● **Supplied information**:
::::

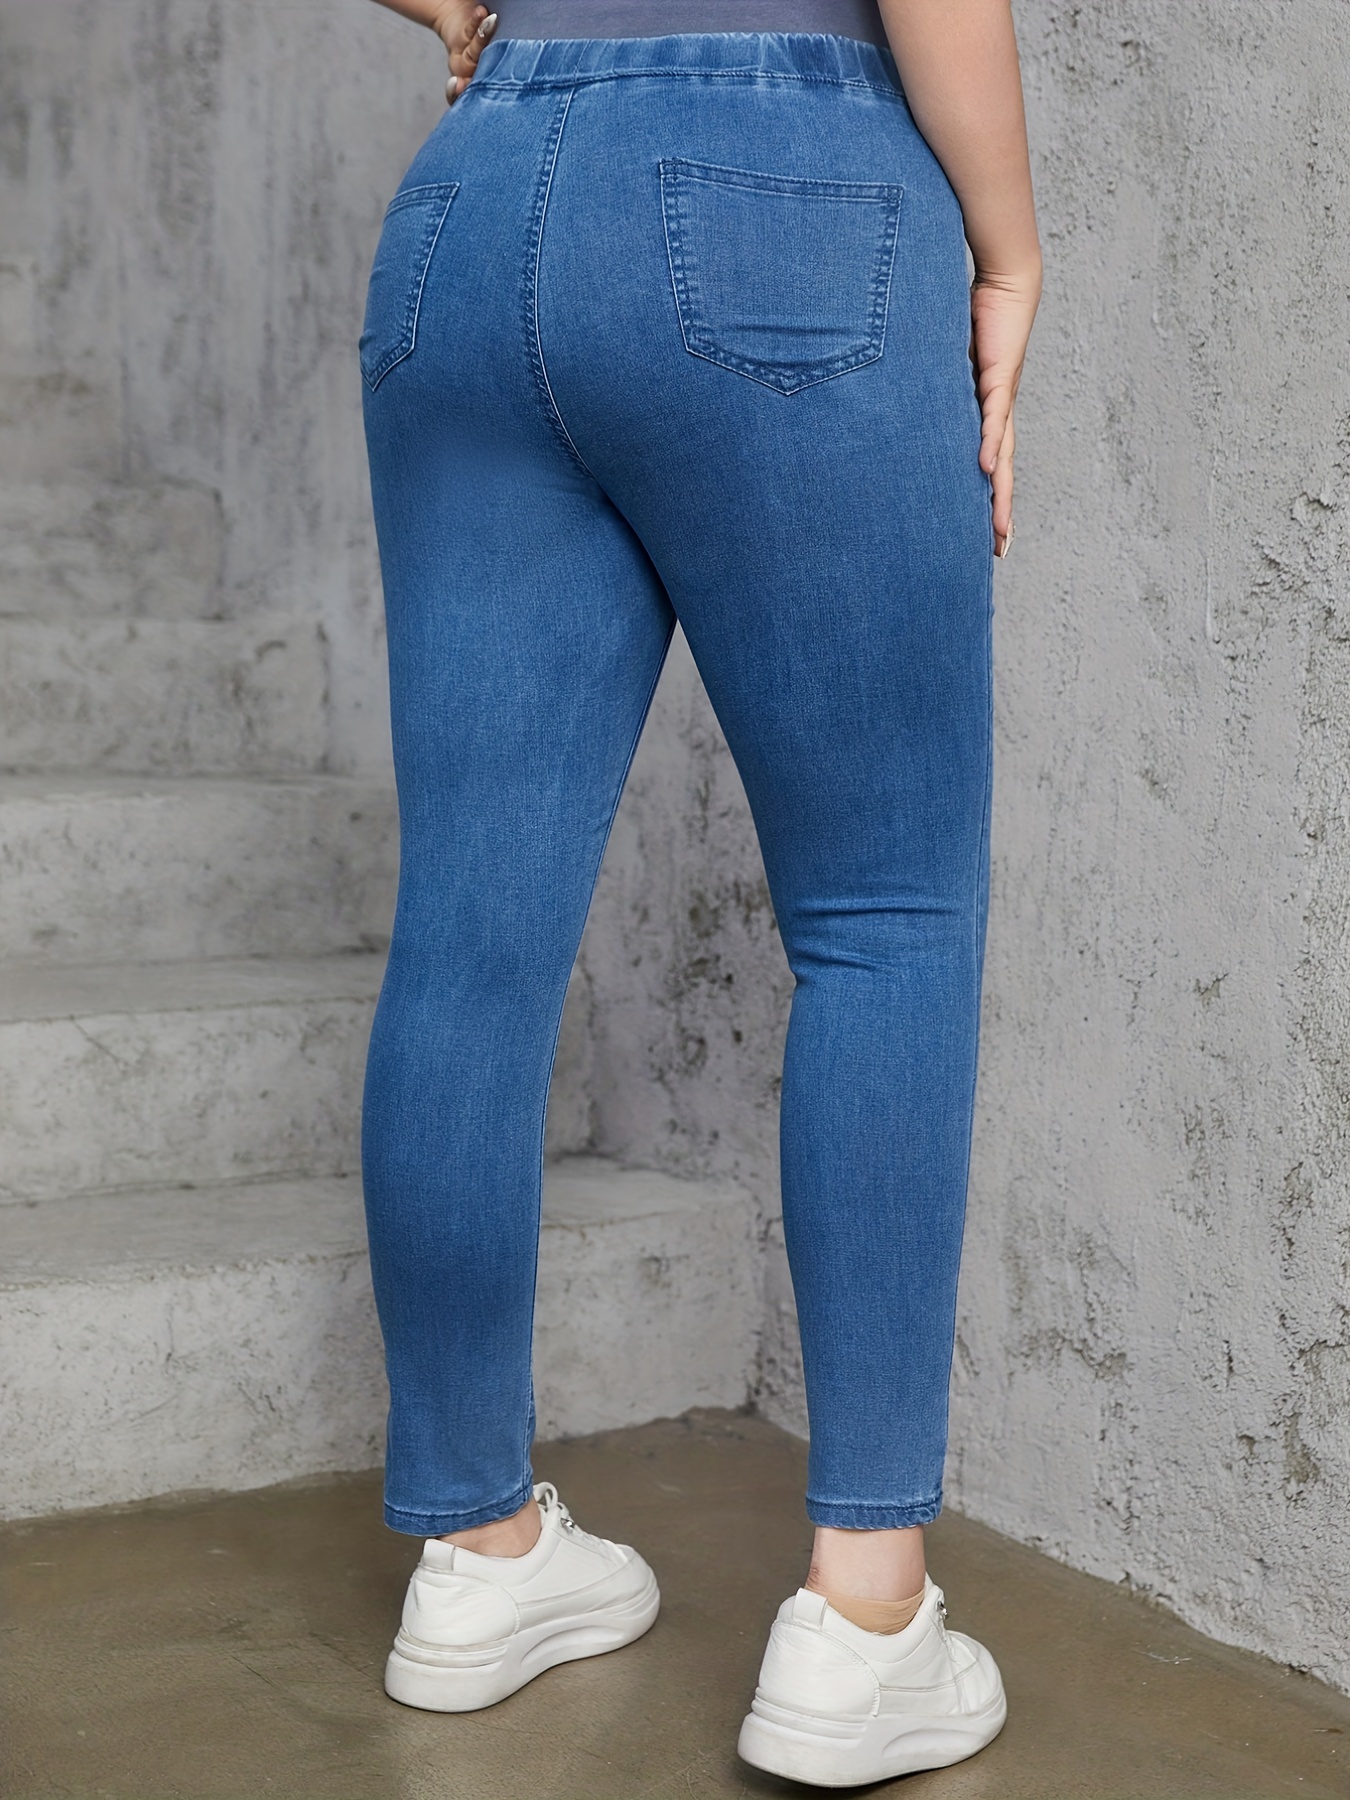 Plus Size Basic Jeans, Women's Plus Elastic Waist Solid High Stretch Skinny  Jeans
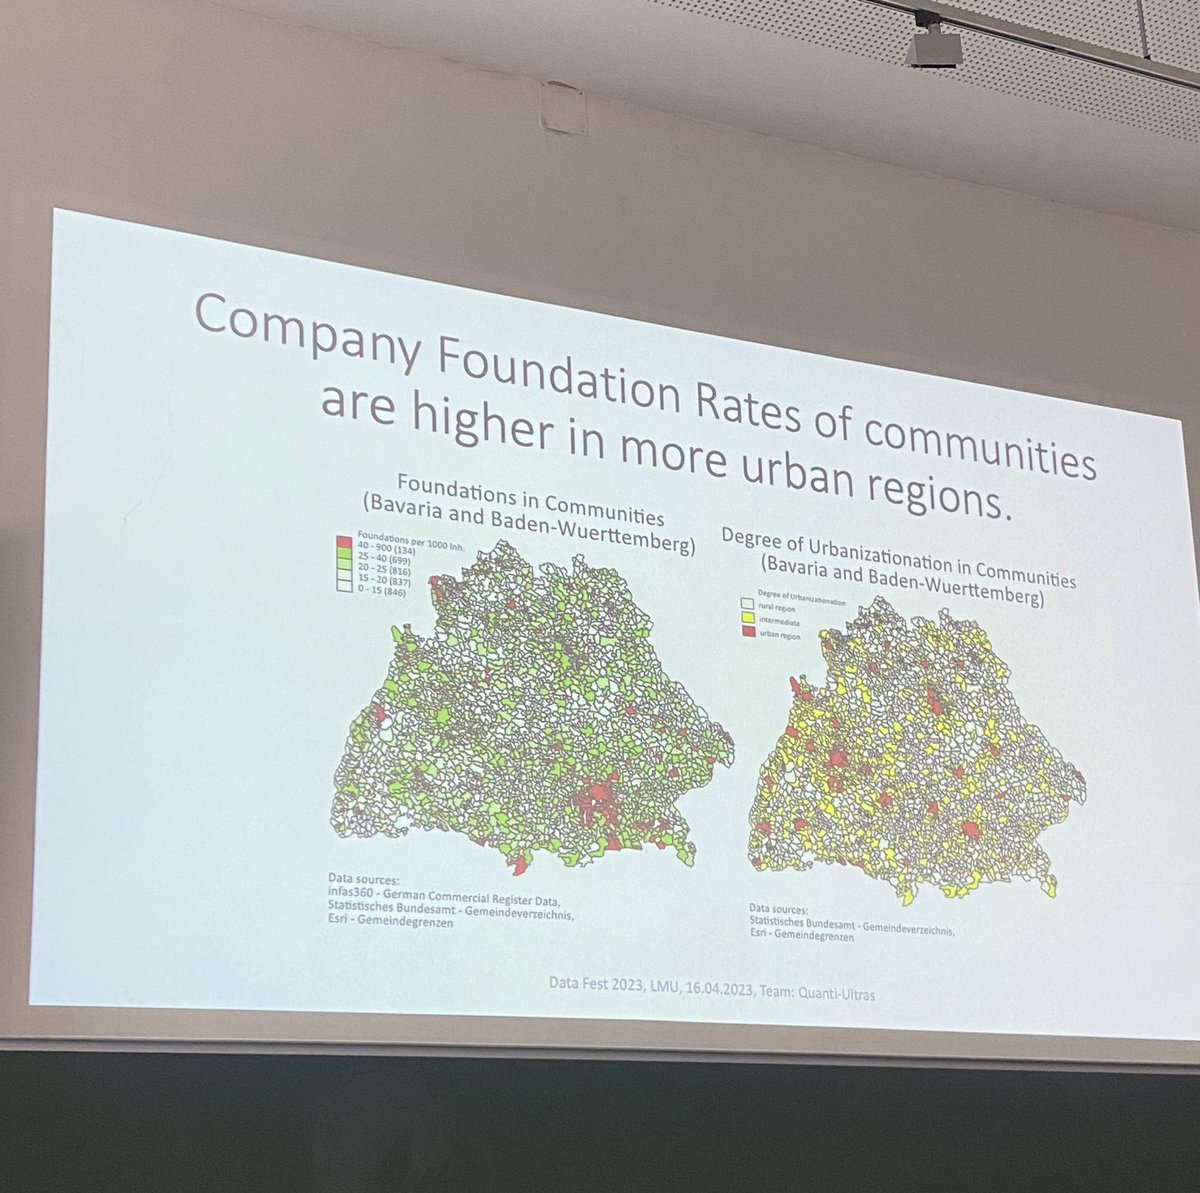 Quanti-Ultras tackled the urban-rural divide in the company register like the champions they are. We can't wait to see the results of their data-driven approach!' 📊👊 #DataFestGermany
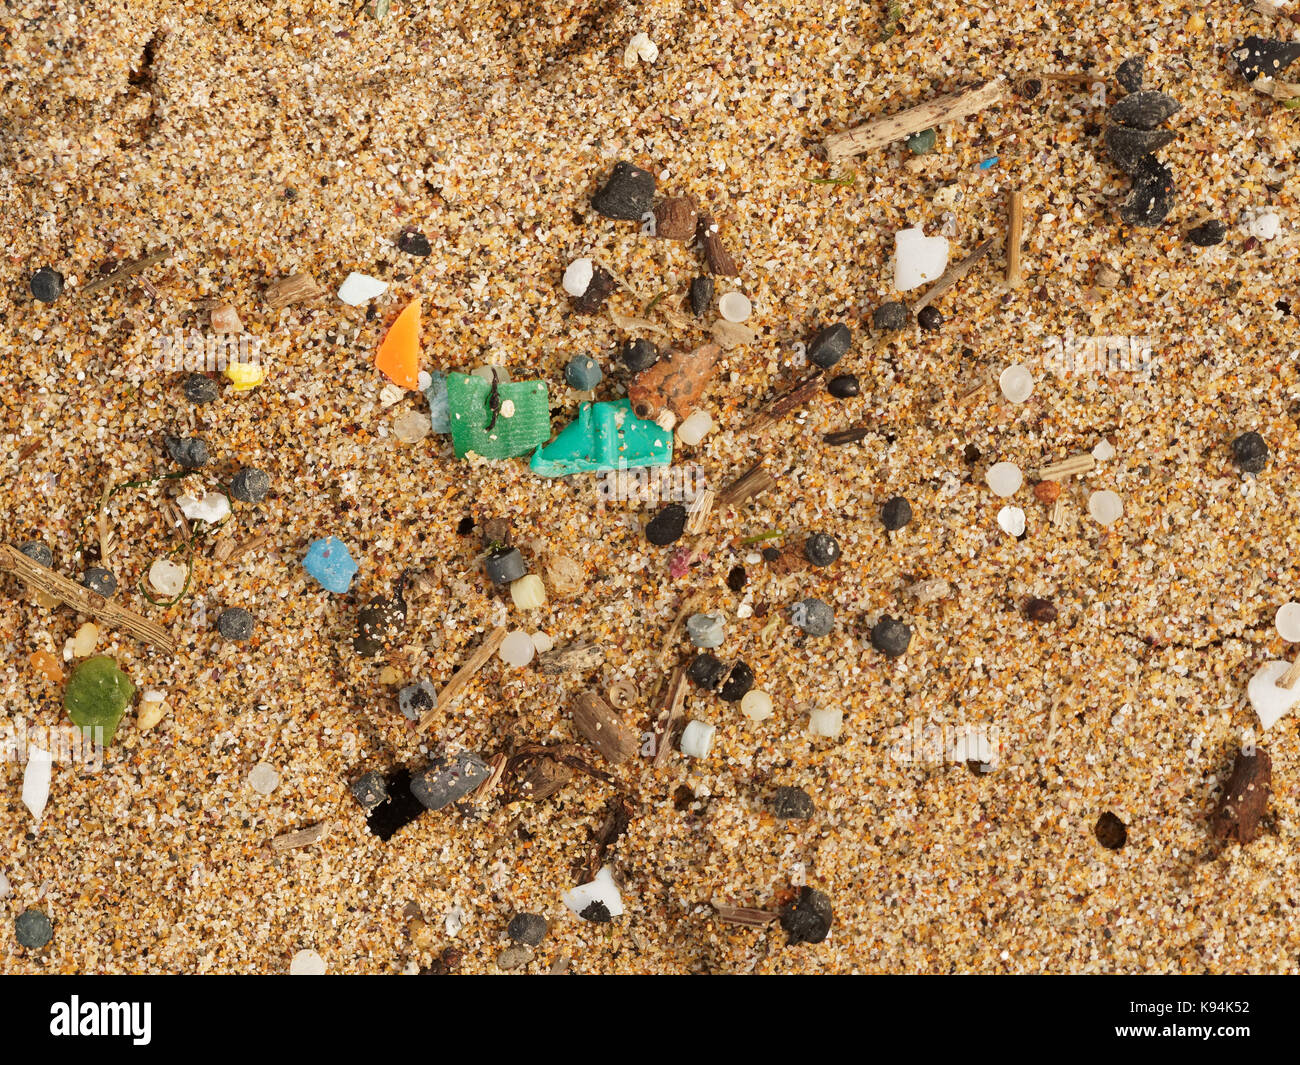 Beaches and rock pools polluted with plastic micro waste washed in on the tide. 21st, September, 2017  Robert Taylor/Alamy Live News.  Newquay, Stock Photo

::::

● **Task brief**: Repeat each line of the material exactly, and drop any image it carries.

● **Your solution**:
 Plus Size Basic Jeans, Women's Plus Elastic Waist Solid High Stretch Skinny  Jeans
 Quanti-Ultras tackled the urban-rural divide in the company register like the champions they are. We can't wait to see the results of their data-driven approach!' 📊👊 #DataFestGermany
 Beaches and rock pools polluted with plastic micro waste washed in on the tide. 21st, September, 2017  Robert Taylor/Alamy Live News.  Newquay, Stock Photo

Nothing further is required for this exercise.